DESCRIPTION OF THE TASK
Begin at the line below that has "Classic Short Sleeve Swing Dress in Moss" and stop after the line that has "En liten röd". Please restate only those lines, word for word.

RECORDS SUPPLIED
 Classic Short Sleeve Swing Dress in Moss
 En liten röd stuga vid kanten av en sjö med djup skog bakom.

---

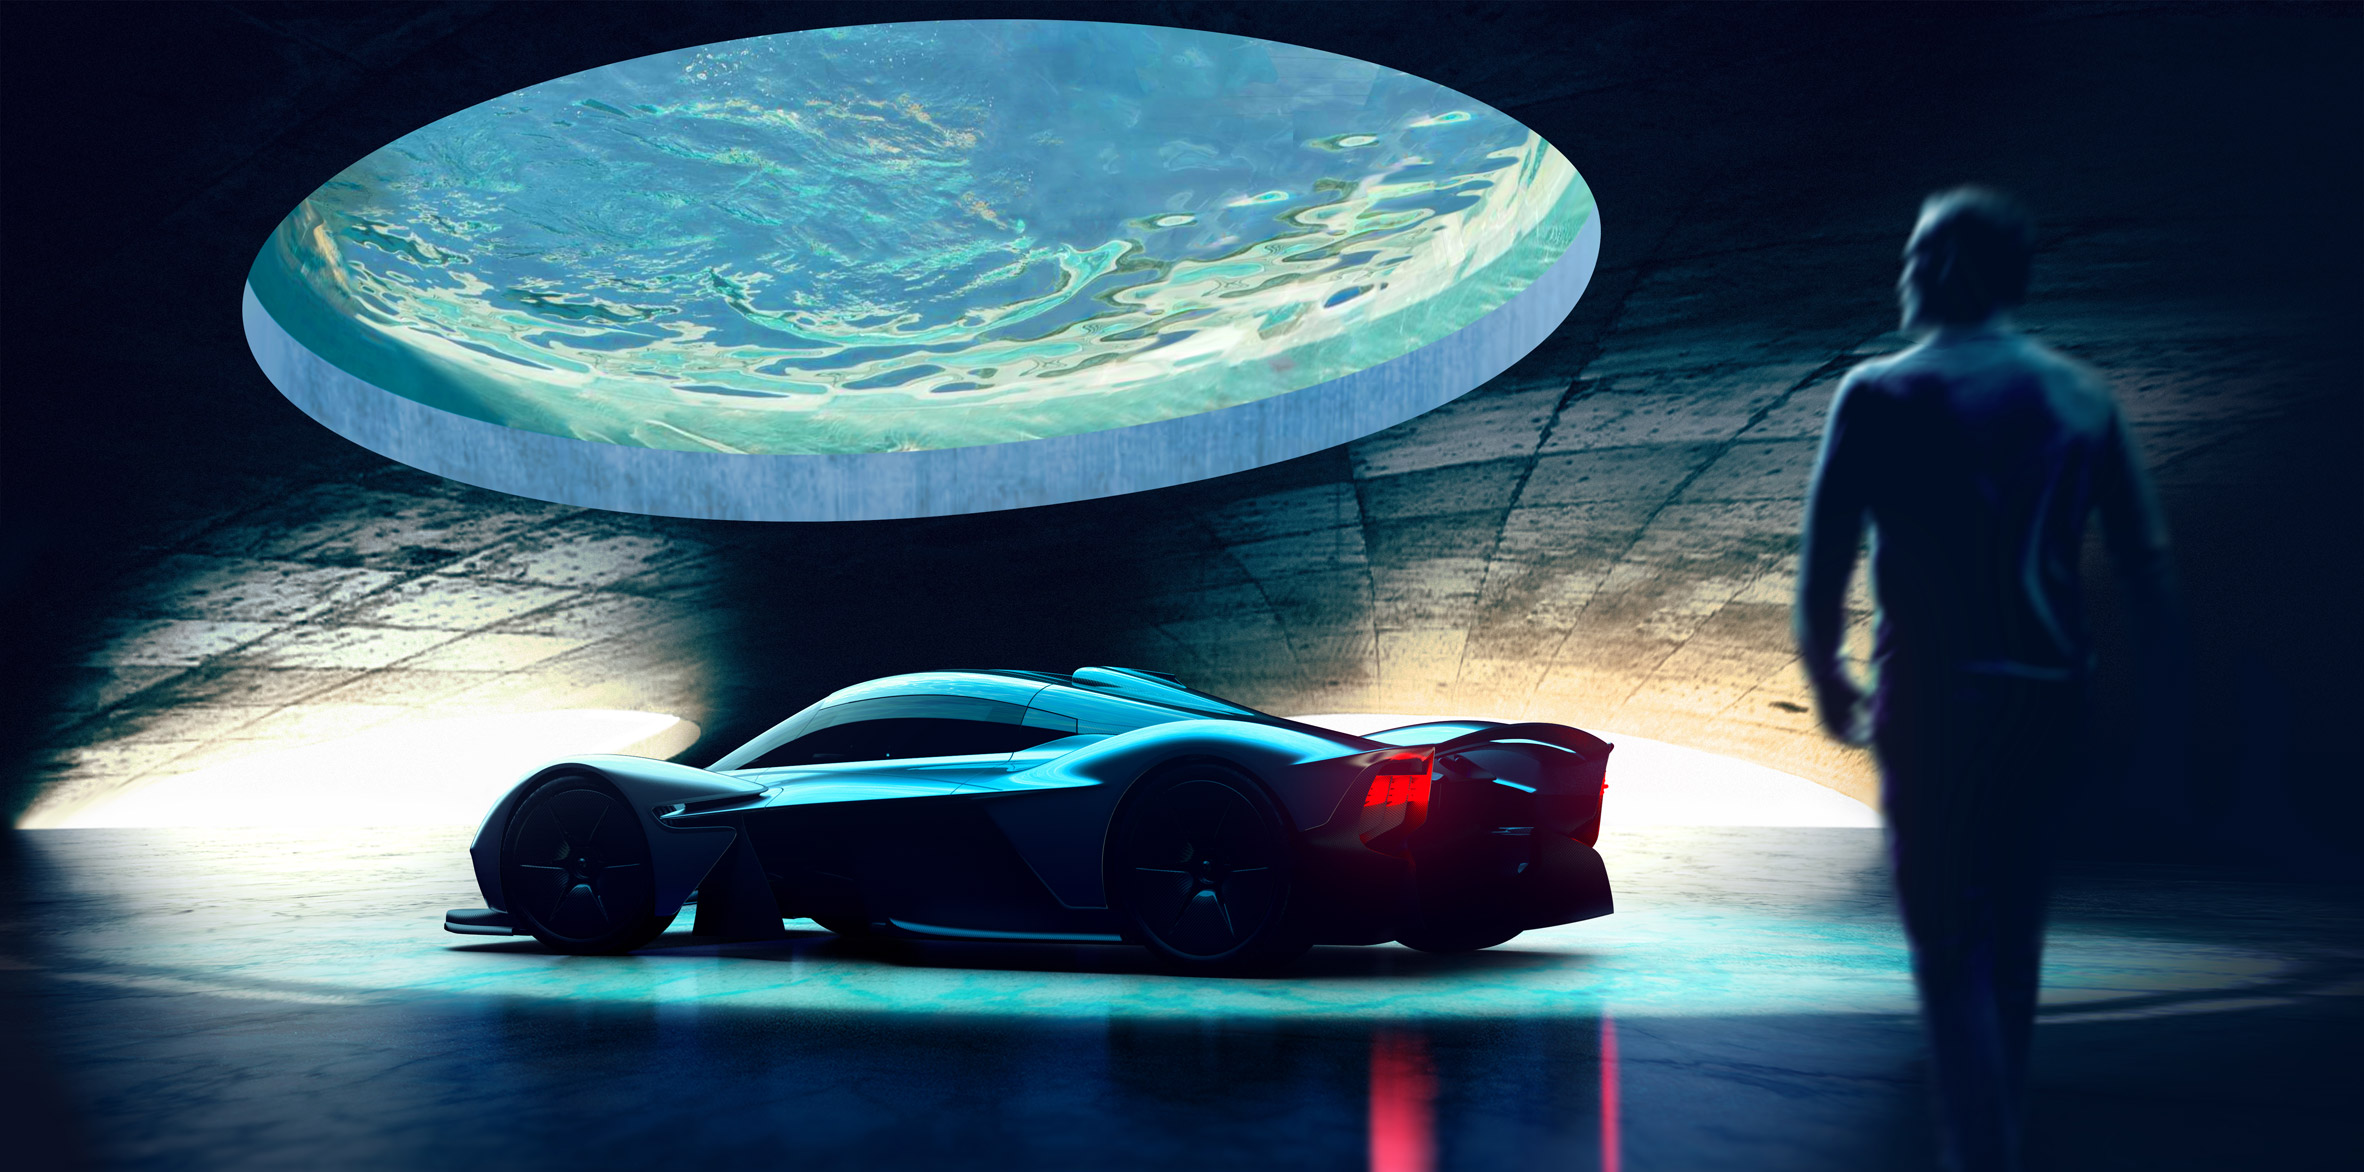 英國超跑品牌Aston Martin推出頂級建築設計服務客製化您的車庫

PROBLEM SOLUTION
 Classic Short Sleeve Swing Dress in Moss
 En liten röd stuga vid kanten av en sjö med djup skog bakom.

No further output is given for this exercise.